Artists Plan to Turn Langston Hughes’s Home into Nonprofit for Harlem’s Cultural Legacy
2016-08-31 10:18:45 未知
Harlem-based artists launch initiative to convert poet laureate Langston Hughes’s house into a nonprofit dedicated to preserving Harlem’s cultural legacy, Tom Kutsch of The Guardian reports.
African American writer Renée Watson, who is spearheading the project, is hoping to raise $150,000 on the crowdfunding siteIndieGoGo and has already received more than $78,000 in donations. Watson said, “For the past ten years, I’ve walked past the brownstone where Langston Hughes lived and wondered why it was empty. How could it be that his home wasn’t preserved as a space for poets, a space to honor his legacy? I’d pass the brownstone, shake my head, and say, ‘Someone should do something.’ I have stopped saying, ‘Someone should do something’ and decided that someone is me.”

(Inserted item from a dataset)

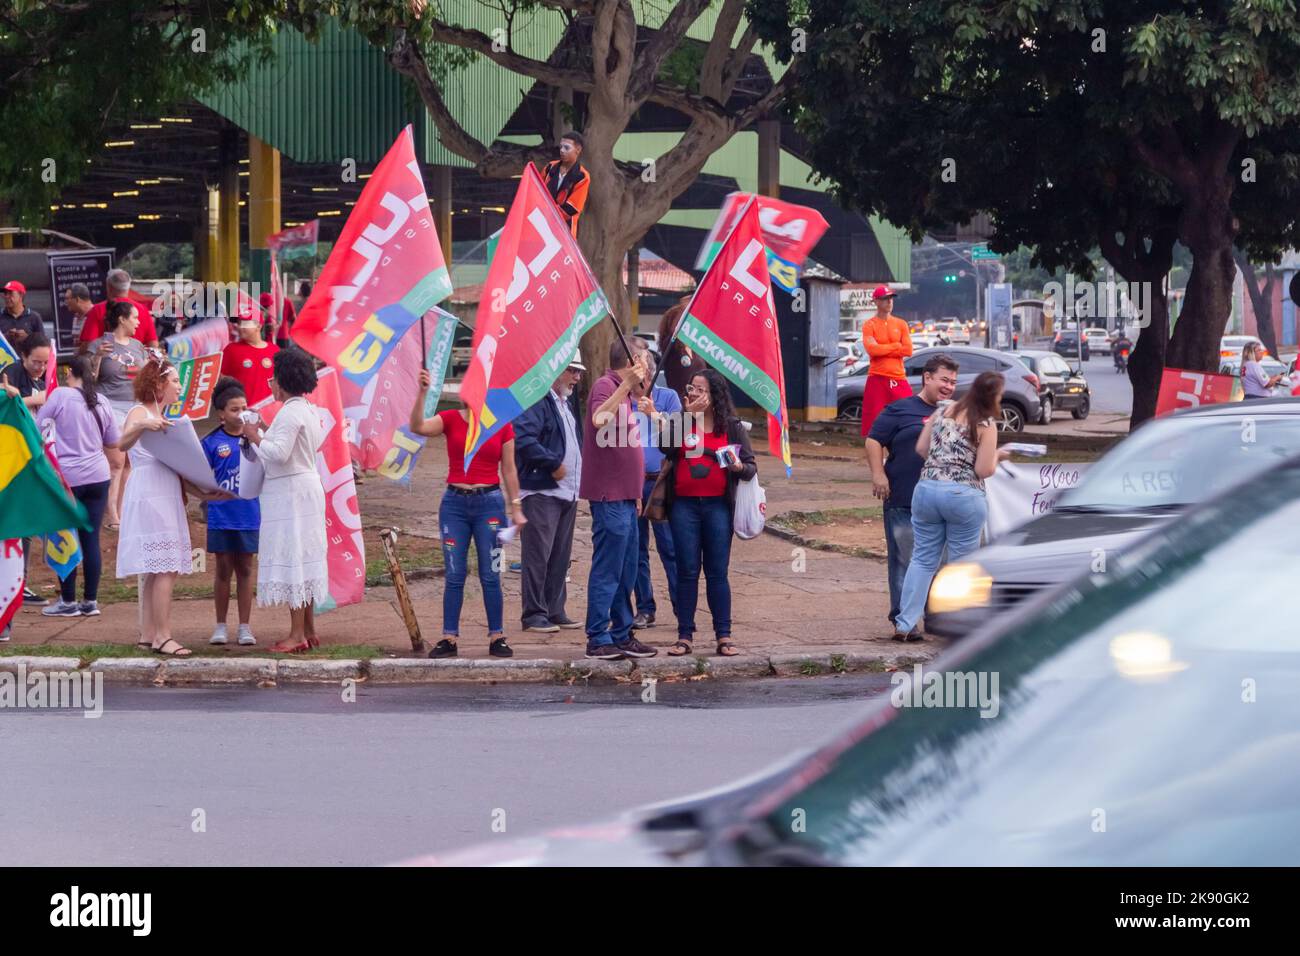 Goiânia, Goias, Brazil – October 21, 2022: Several people in action on the street with Lula's red flags. Image made in an act to ask for votes for Lul Stock Photo

As executive director of the I Too, Arts collective—a nonprofit organization committed to nurturing voices from underrepresented communities in the creative arts—Watson aims to raise enough money to lease and renovate Hughes’s Harlem brownstone, where the writer worked from 1947 until he died in 1967.
“There has been an outpouring of support and encouragement from both the local community as well as the larger community of poets and writers,” Watson said. “In a place like Harlem, I believe it’s important to hold on to the tangible places where black artists lived and created.”